Your algorithm doesn't ensure that the finishing of a task happens before the start of a later task. Therefore I claim that there might be more than maxConcurrency tasks executing at a given time. Some goroutines might still need to store the computed result in the system memory (by flushing their store buffers, etc.). That's also the reason why you could get a data race with maxConcurrecny = 1. My suggested change would ensure the required happens-before relationship by swapping the send and the receive. It has the same amount of concurrency primitives and isn't more complicated.
zzzz over 10 years

@tux21b: I'm sorry, you're completely missing the previously presented proof. Here we go again: There is a fixed upper limit of tokens in a channel. No task starts before putting a token into the channel. No token is removed from the channel before a task finishes. Therefore there is absolutely no way how there can ever be more tasks in progress than is the capacity of the channel. q.e.d. Additionally, any data races are absolutely tangential and irrelevant to the code I presented as there are no data processed in it. I'm afraid you don't understand how the simple code actually works, sorry.
Fabio Suarez almost 10 years

No, it doesn't.
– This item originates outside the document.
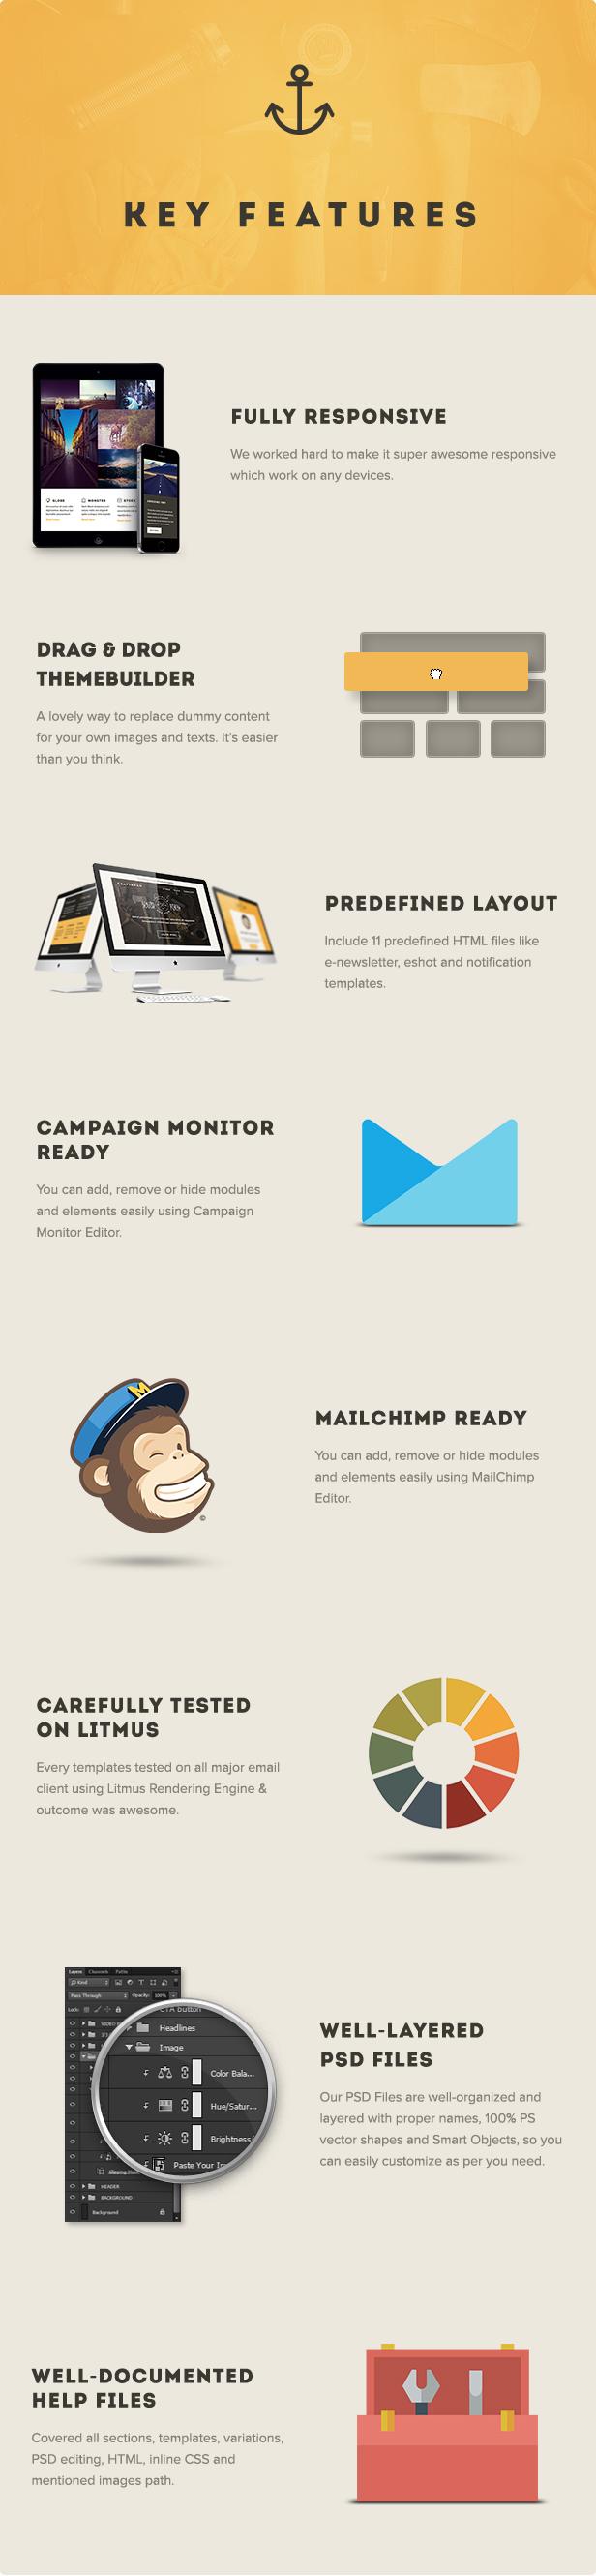 Craftsman - Email, Eshot, Notification Template - 8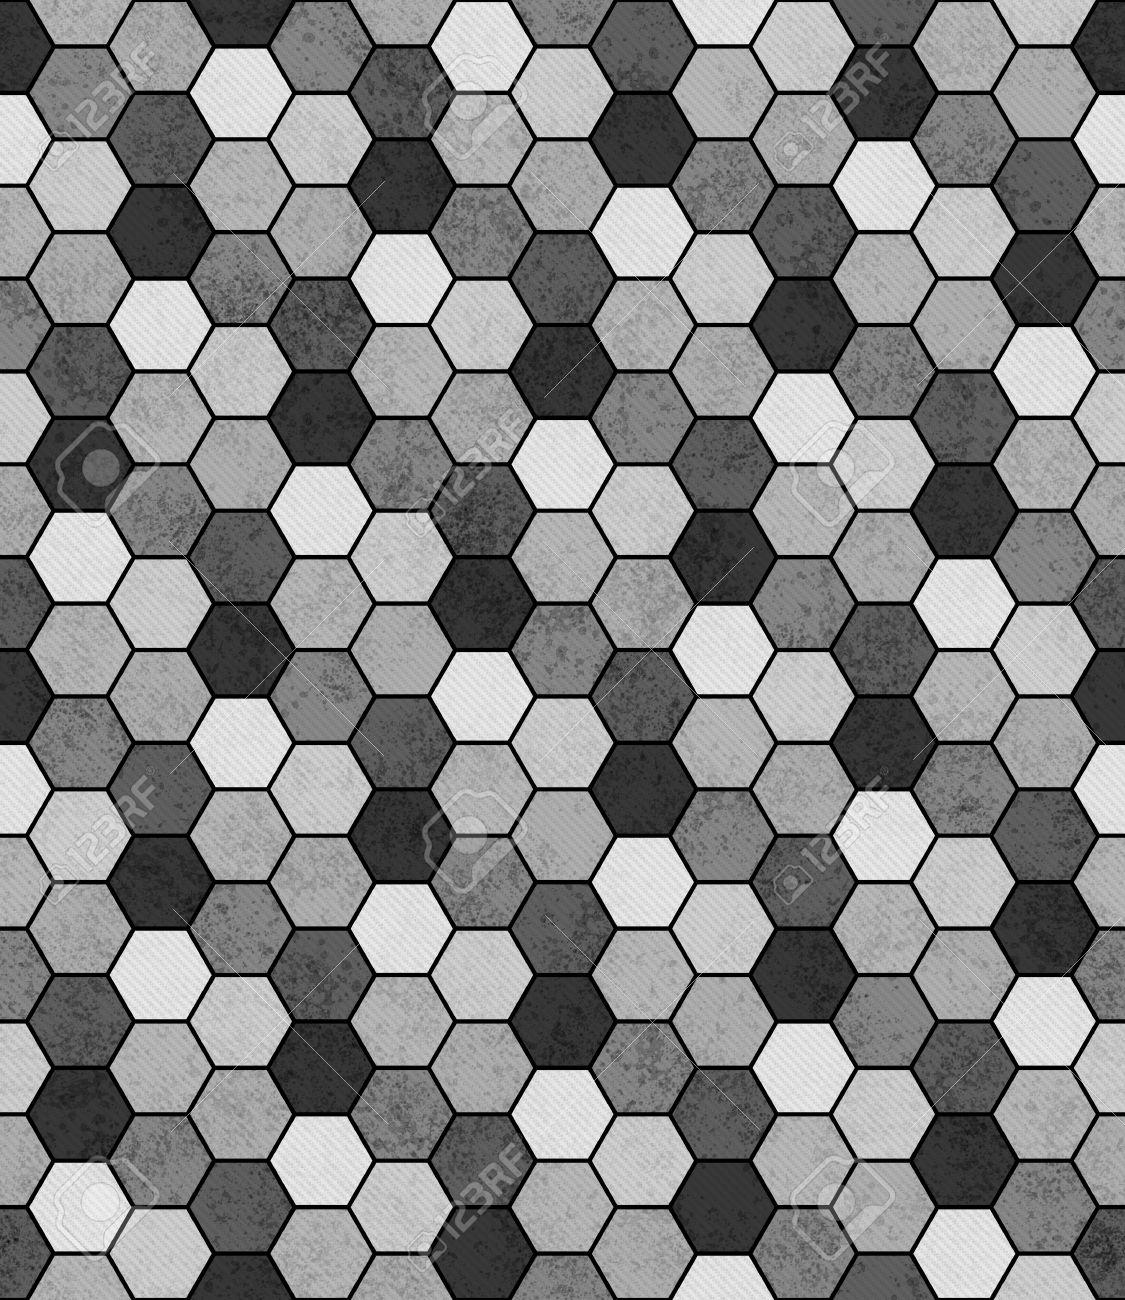 Black And White Hexagon Tile. Black And White Hexagon Tile Pattern ...

The code above uses a single SPMC (single producer / multiple consumer) queue to distribute tasks to different workers. Each command can only be received once from the tasks channel.
Chris over 8 years

'range tasks' will iterate until the task channel has no more messages?
fubupc over 7 years

This solution has two little issues: (1) wg.Done() should better be wrapped in a defer wg.Done() . (2) even if you fix (1) , you still may NOT fully utilize max concurrency after some goroutines be killed by cmd.Run() panic somehow.
AndreaM16 over 7 years

+1 for the answer but, I have a question, what If I would like to store the i-output in a variable and print it?
Gerhard Hagerer over 7 years

Beautiful solution!
William King about 7 years

For anyone else looking at this, TL;DR zzzz is correct, although for a time tux21b was correct. See the following: golang.org/doc/go1.3#memory codereview.appspot.com/75130045 golang.org/doc/effective_go.html#channels
perelin almost 7 years

Exactly what I was looking for! My long running goroutines were sucking up memory until finaly OSX decided to kill the whole process. With this I now just limit goroutines to the number of cores.